>>>>>

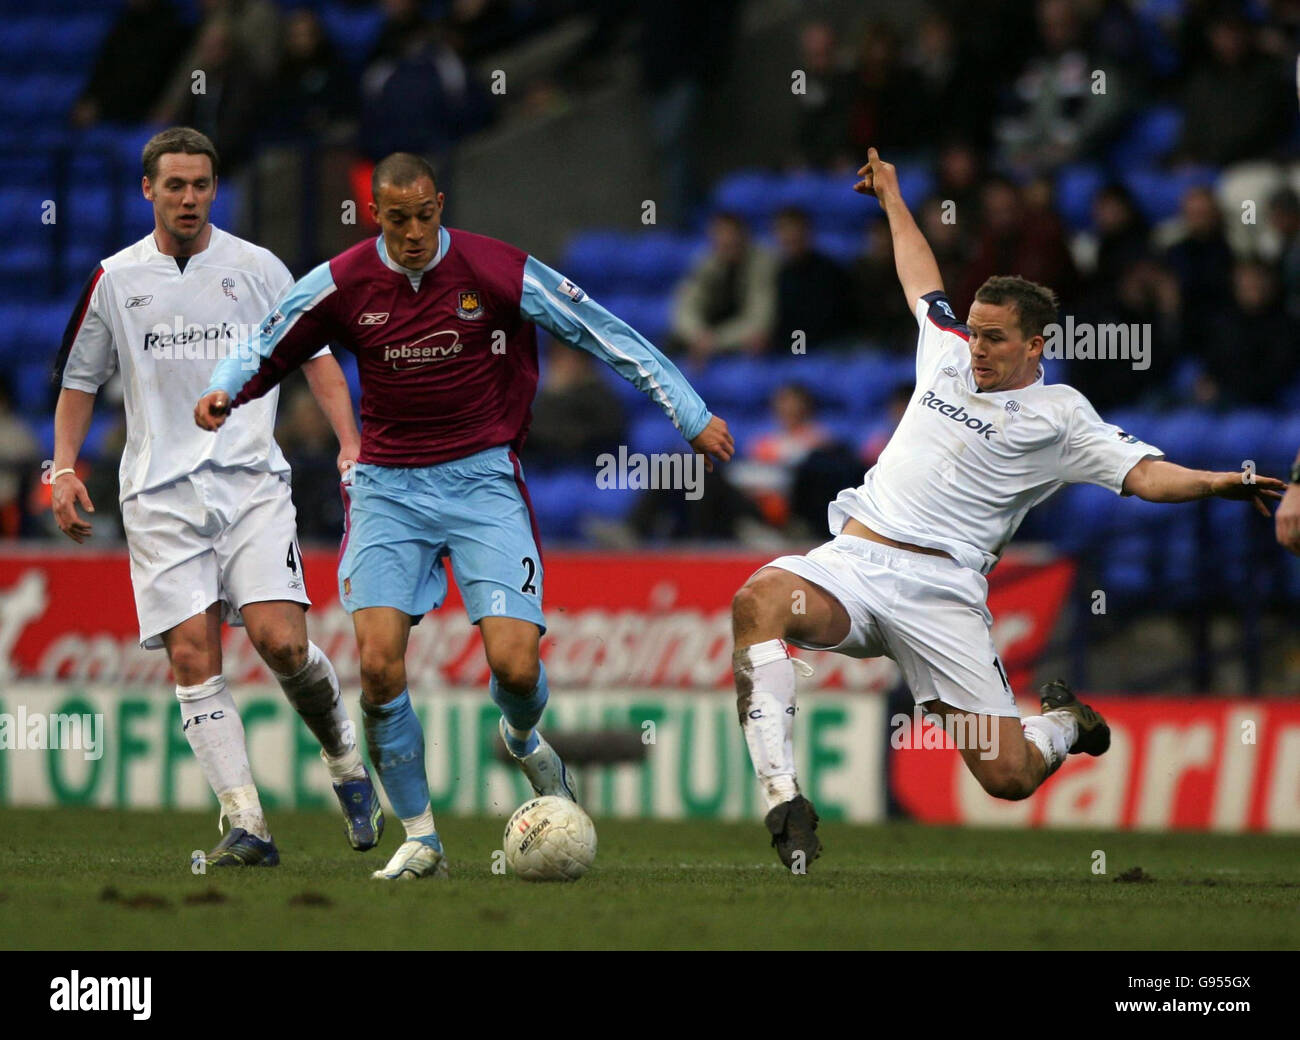 West Ham United's Bobby Zamora (C) skips past a tackle from Bolton Wanderers Kevin Davies during the FA Cup fifth round match at the Reebok Stadium, Bolton, Saturday February 18, 2006. PRESS ASSOCIATION Photo. Photo credit should read: Nick Potts/PA. Stock Photo
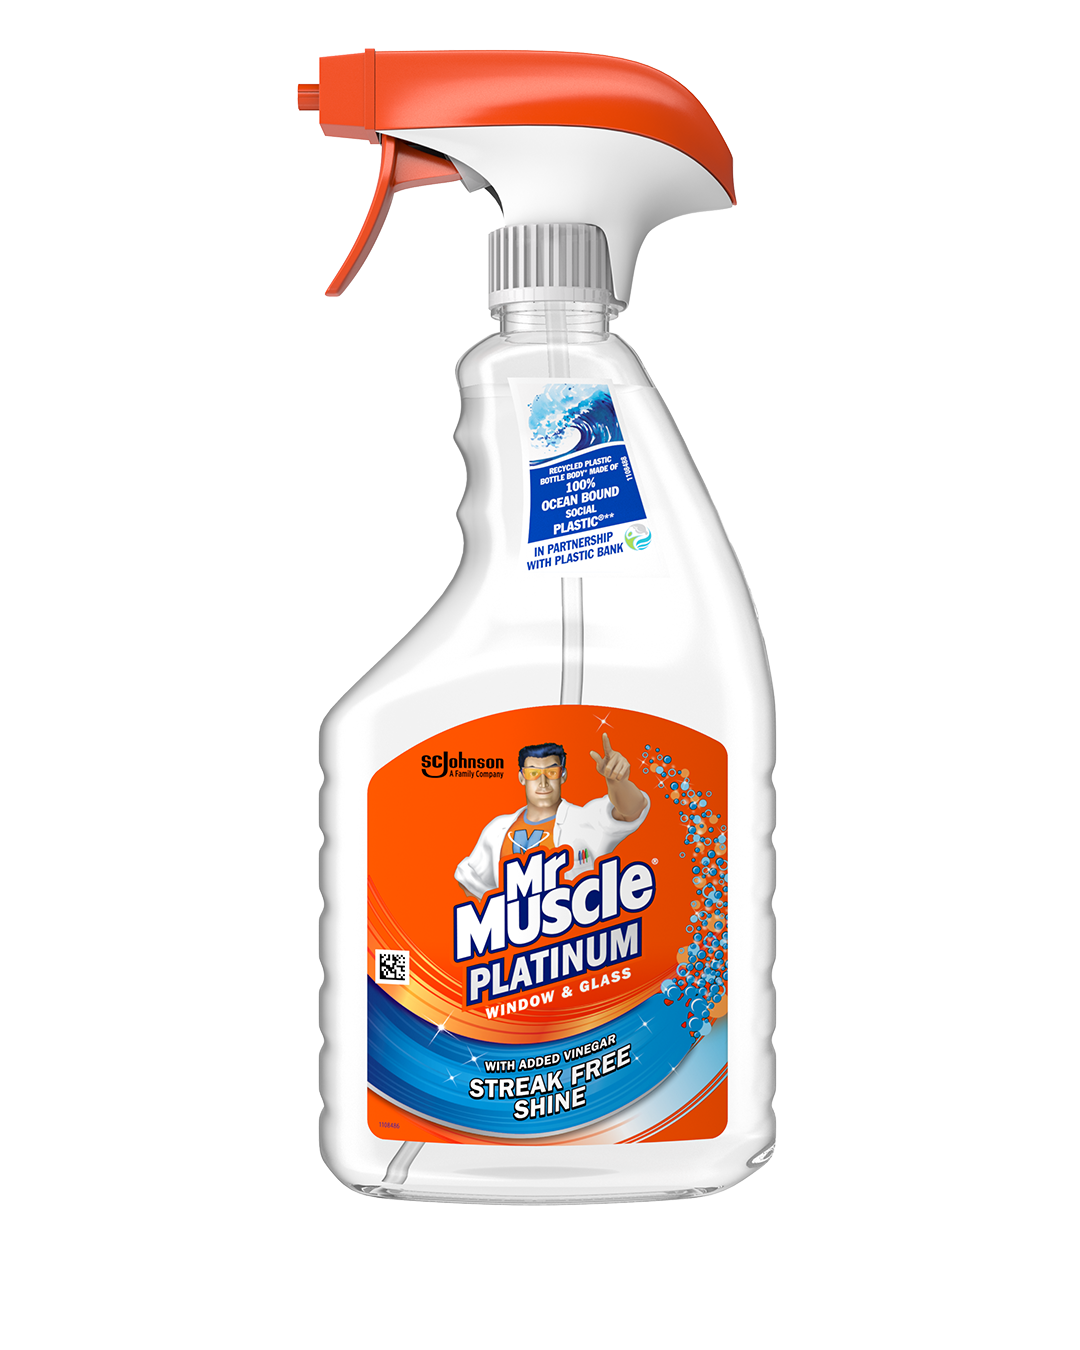 Mr Muscle Platinum Antibacterial Citrus Kitchen Cleaning Spray 750ml
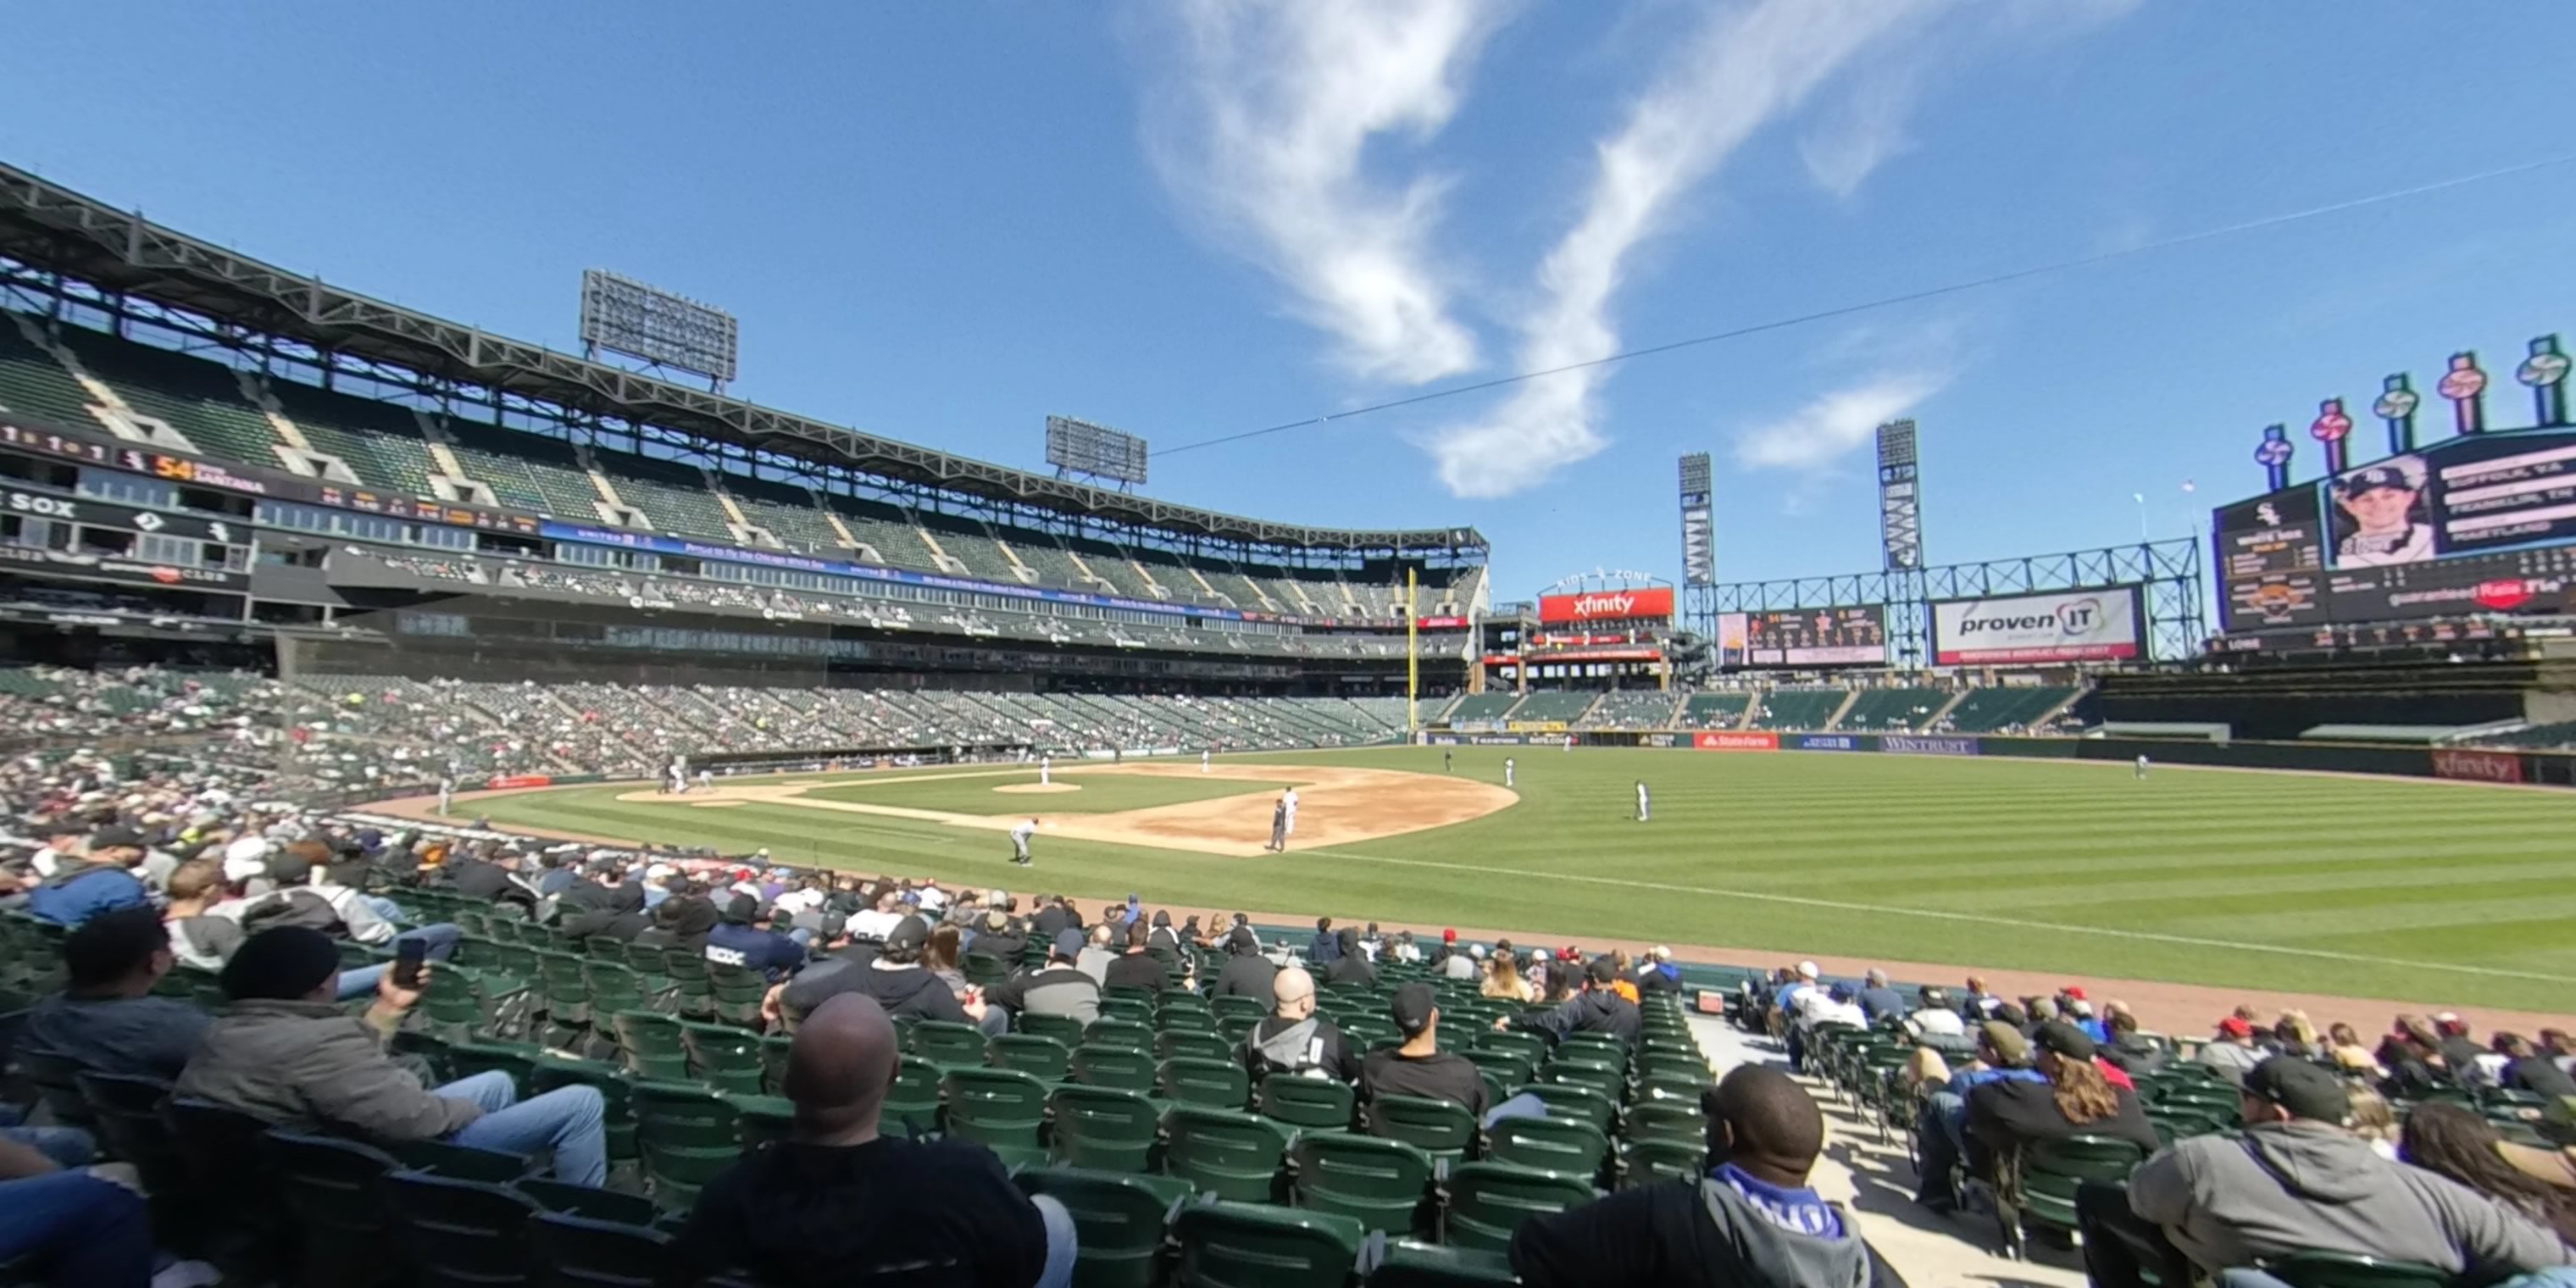 section 118 panoramic seat view  - guaranteed rate field

<<<<<

**What is being asked**:
No pictures belong in the answer; copy all other parts of the listing exactly.

**Reply**:
 West Ham United's Bobby Zamora (C) skips past a tackle from Bolton Wanderers Kevin Davies during the FA Cup fifth round match at the Reebok Stadium, Bolton, Saturday February 18, 2006. PRESS ASSOCIATION Photo. Photo credit should read: Nick Potts/PA. Stock Photo
 Mr Muscle Platinum Antibacterial Citrus Kitchen Cleaning Spray 750ml
 section 118 panoramic seat view  - guaranteed rate field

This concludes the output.